== Activity ==
Retype the whole listing below exactly, keeping every picture out of it.

== Given data ==

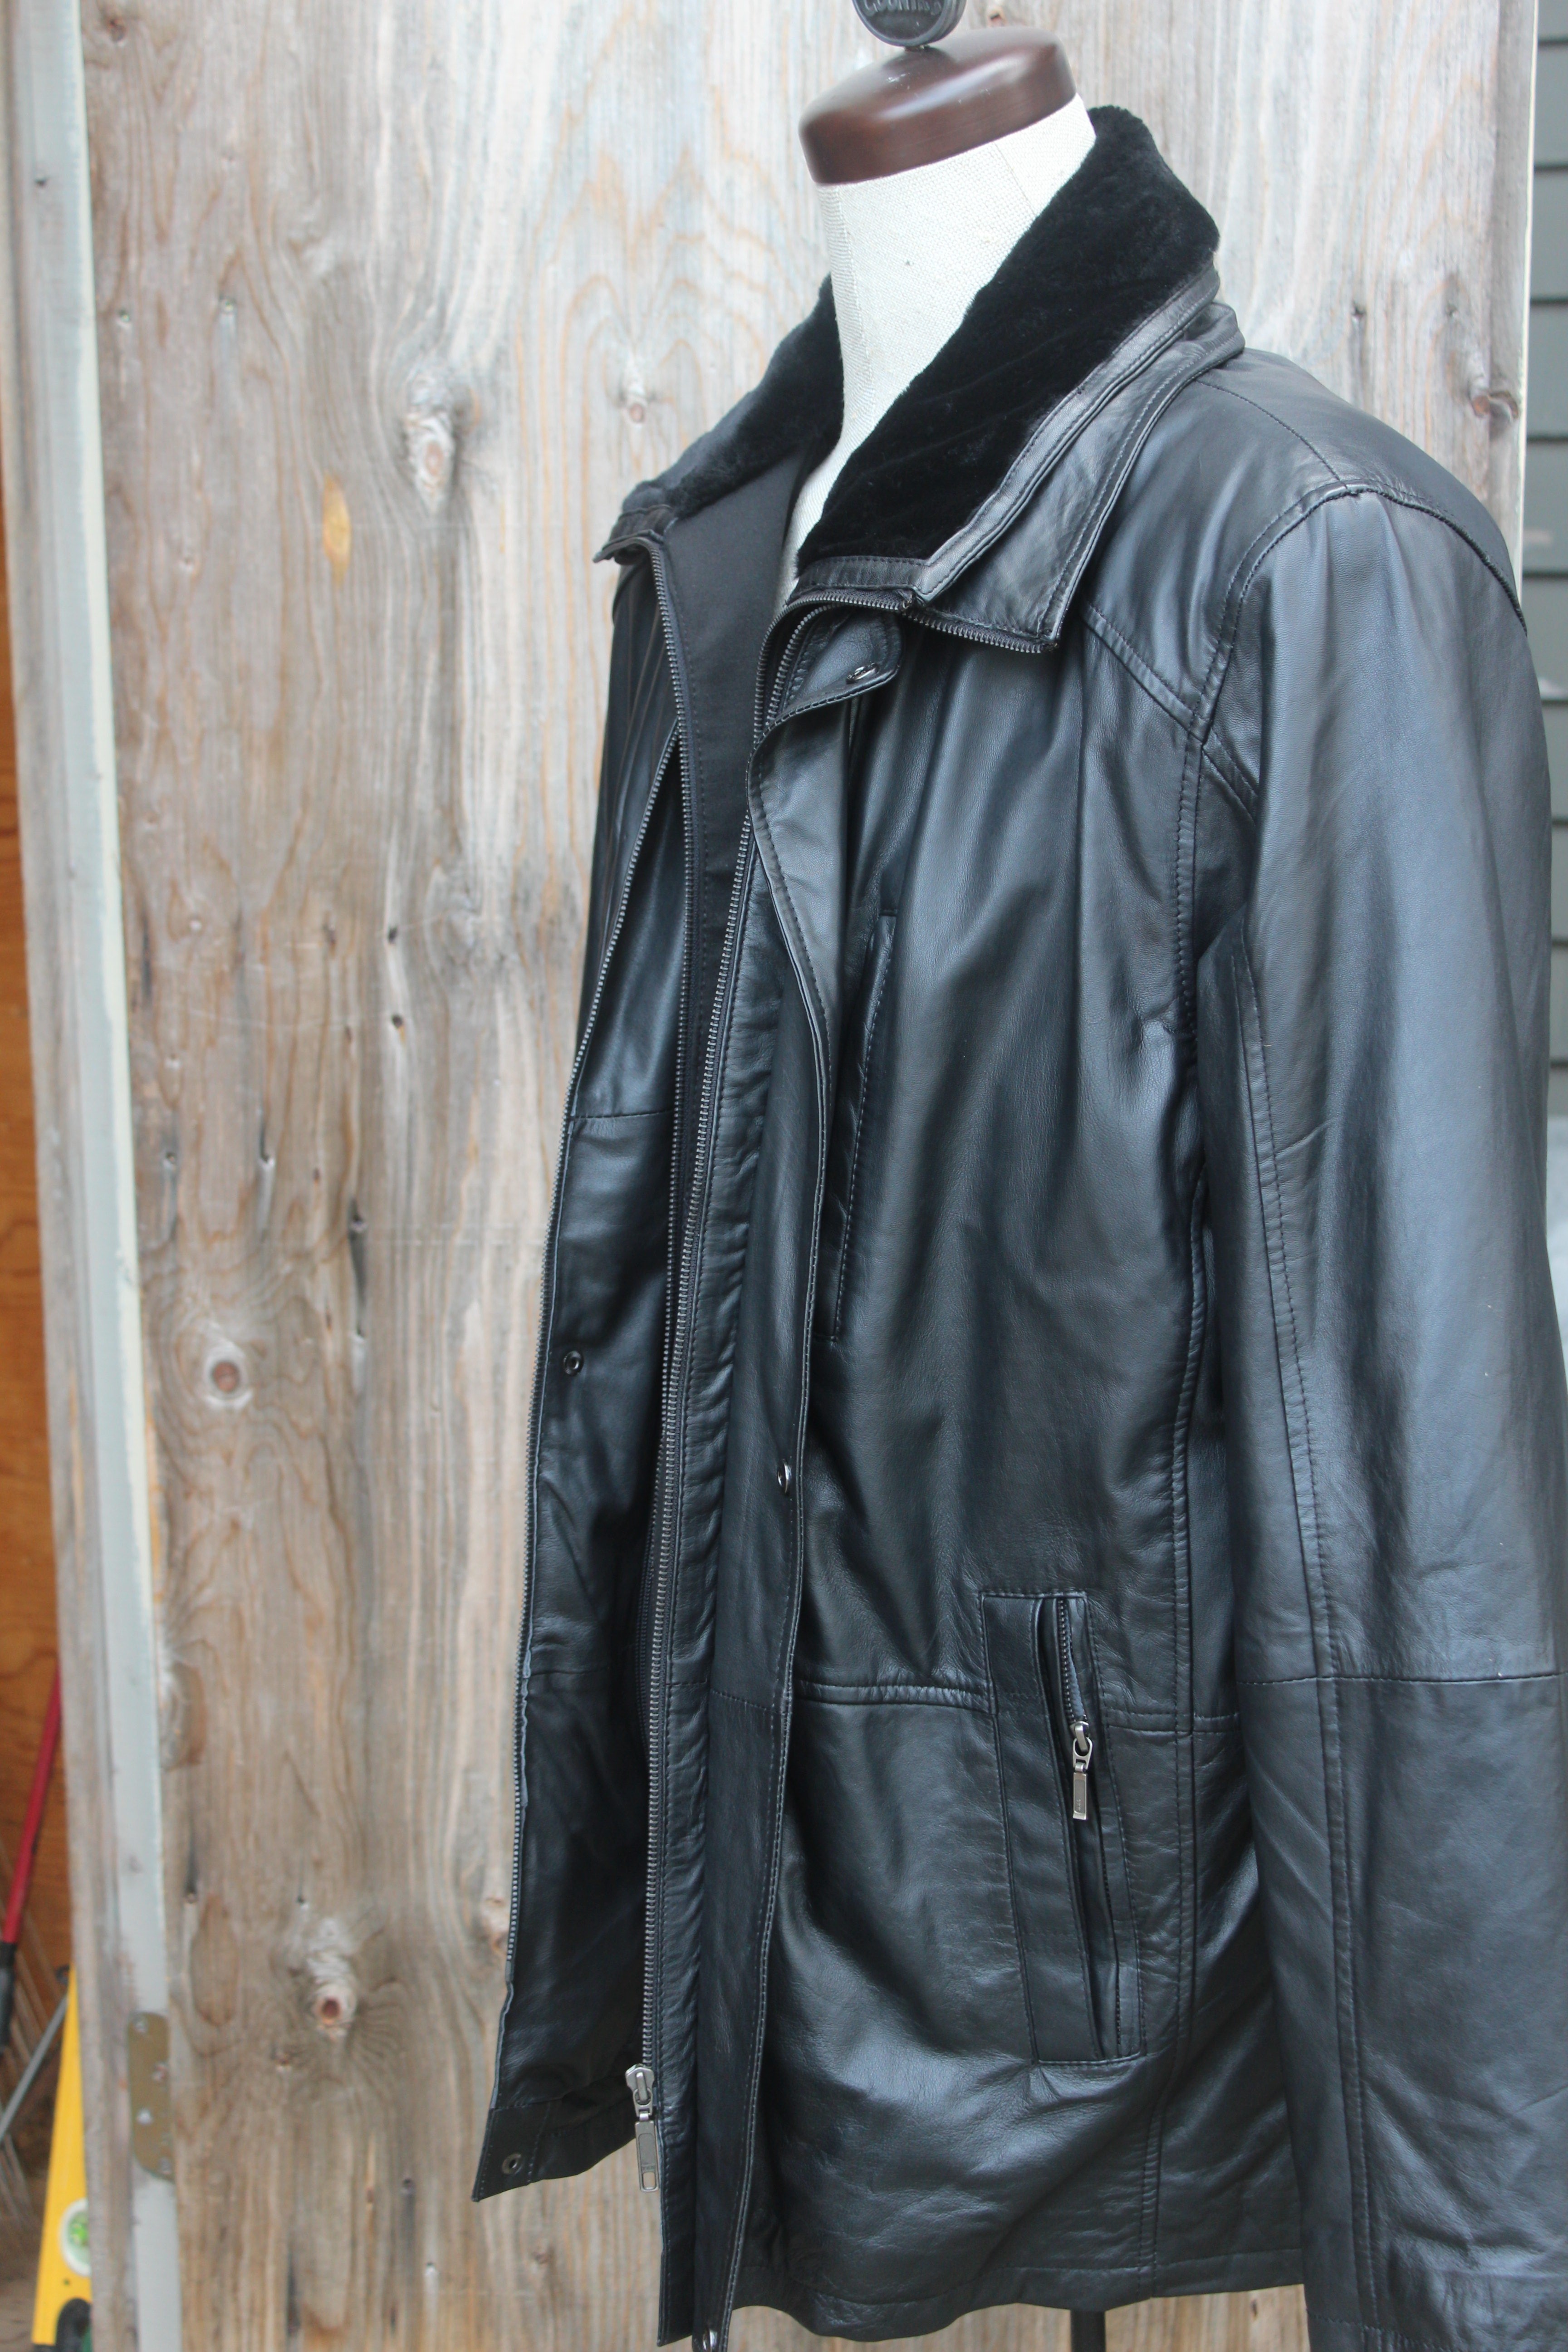 Black Leather & Fur Collar- $495.00
Plonge Leathers
Style #: 40655BK

== Exercise result ==
 Black Leather & Fur Collar- $495.00
Plonge Leathers
Style #: 40655BK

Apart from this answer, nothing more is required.